Pearce wrote that the court’s task is not to determine what laws were in place at the time of the Utah Constitution’s ratification, but rather to distinguish what principles Utahns voted to enshrine in the document.
“Failure to distinguish between principles and application of those principles would hold constitutional protections hostage to the prejudices of the 1890s,” the ruling says. “For example, if we failed to distinguish between principles and applications, a party could use Utah’s history to argue that the Utah Constitution provides no protection for interracial marriage.”
In last year’s hearing, Vega pushed back on the state’s reasoning, saying the state’s founders “could not possibly have imagined a world where abortion is safe, legal and routine.”
Planned Parenthood went on to argue that although the Utah Constitution may not include an implicit right to abortion, its extension of equal rights for women cannot be guaranteed without access to abortion. Vega said the state cannot punish women for engaging in intercourse while there can never be an equal ramification for men.
“When women are denied an abortion, they suffer worse, not only physical, mental health outcomes, but also worse social and economic outcomes,” Vega said, adding the state did not dispute that women’s “ability to participate in the workforce is negatively impacted (by the law), that it has ramifications for their existing families and that it impacts their ability to leave an abusive partner.”
Planned Parenthood operates two of three abortion clinics in the state — all but one of which are located in Salt Lake County.
Meehan asserted that Planned Parenthood’s interpretation of equal rights minimizes the strides Utah women have taken to reach their current status in the state.
“The argument seems to be that women have achieved their place in Utah because of their right to abortion,” Meehan said. “And I think that very much is a retelling of the state’s history and an undermining of women’s achievements.”
According to the most recent data published by the state, there were 3,129 abortions in 2021, 2,978 of which were provided to Utah residents. The vast majority told their doctor they were seeking to terminate their pregnancy for socioeconomic reasons — they couldn’t afford to go through with giving birth and caring for a child.

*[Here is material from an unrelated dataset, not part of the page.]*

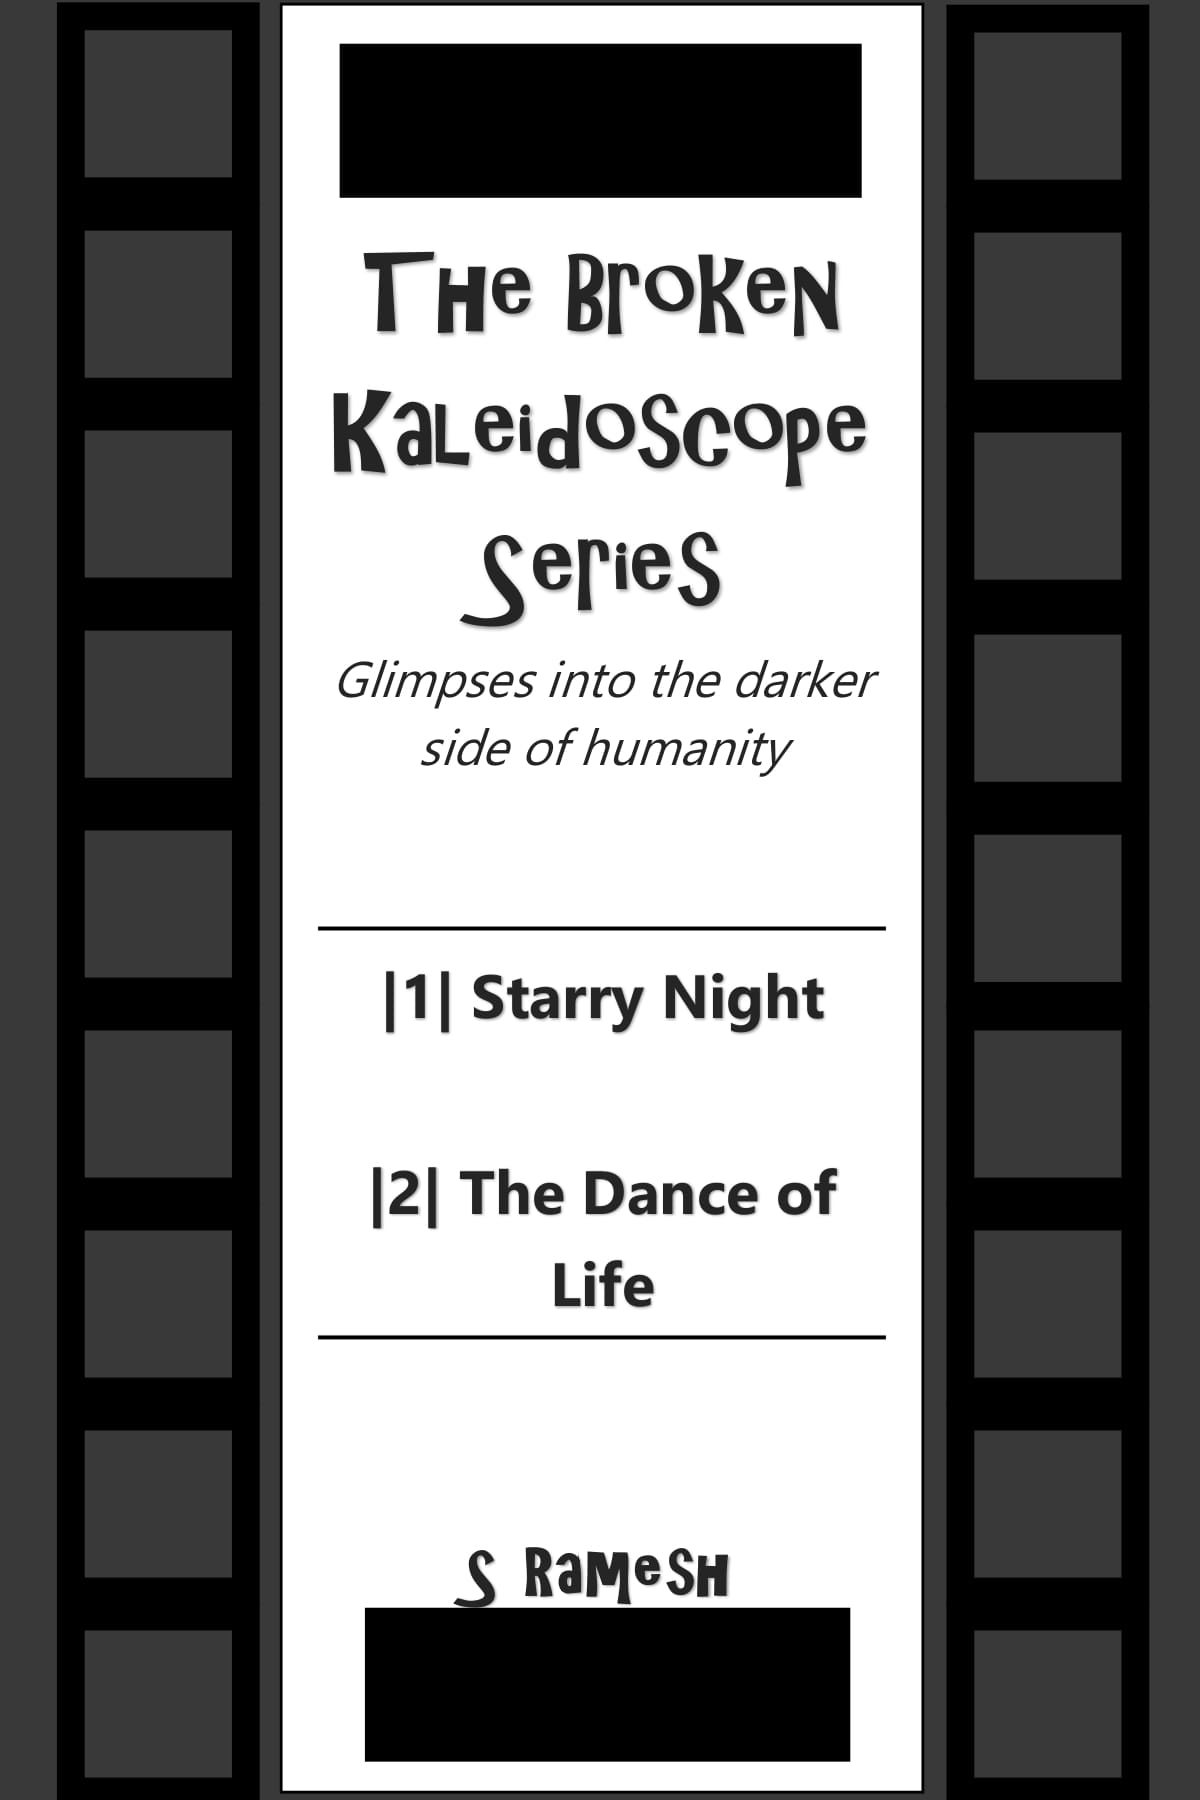 FREE: The Broken Kaleidoscope Series with Starry Night and The Dance of Life: Glimpses into the darker side of humanity (Book 1) by S Ramesh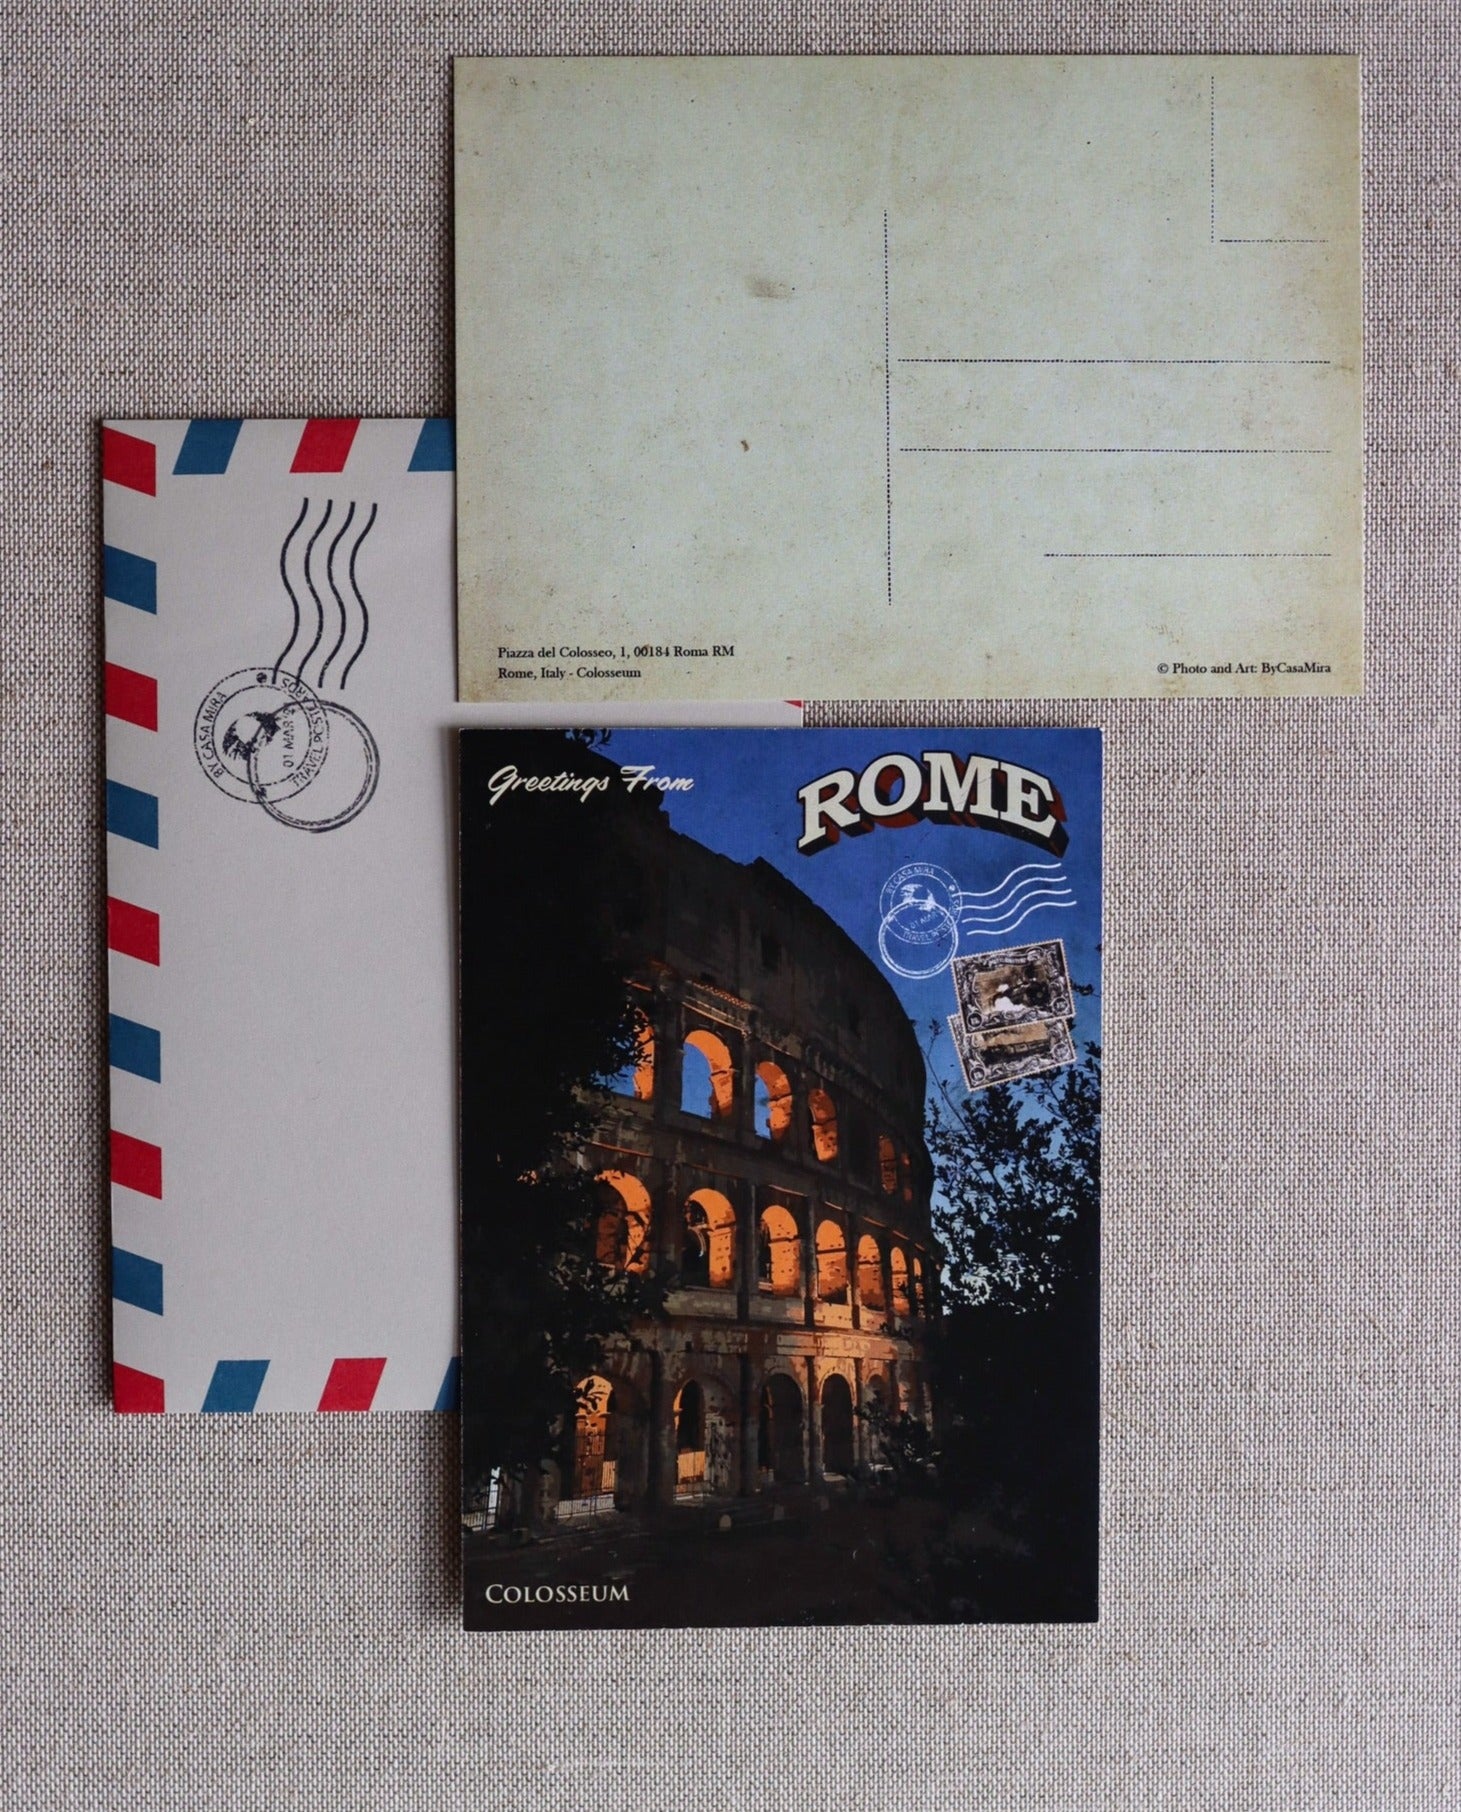 Set of 20 Collectable Italian Postcards Italy Travel Postcards Pack 4 X 6  or 10 X 15 Cm 5 X 7 or 12.5 X 17.5 Cm

The court’s opinion affirmed that constitutional questions remain, and said that on several occasions, it has recognized and enforced rights that the Utah Constitution does not explicitly list. “We have read these constitutional provisions not as hollow promises but as essential guarantees of important liberties,” it reads.
“It isn’t enough to say that because the Utah Constitution does not use the word abortion, it cannot contain a right that could be infringed by a restriction on the ability to seek an abortion,” Pearce wrote.
Correction • Aug. 1, 9:45 a.m.: This story has been updated to correct that in Utah, abortion is allowed for up to 18 weeks of pregnancy in cases of rape or incest.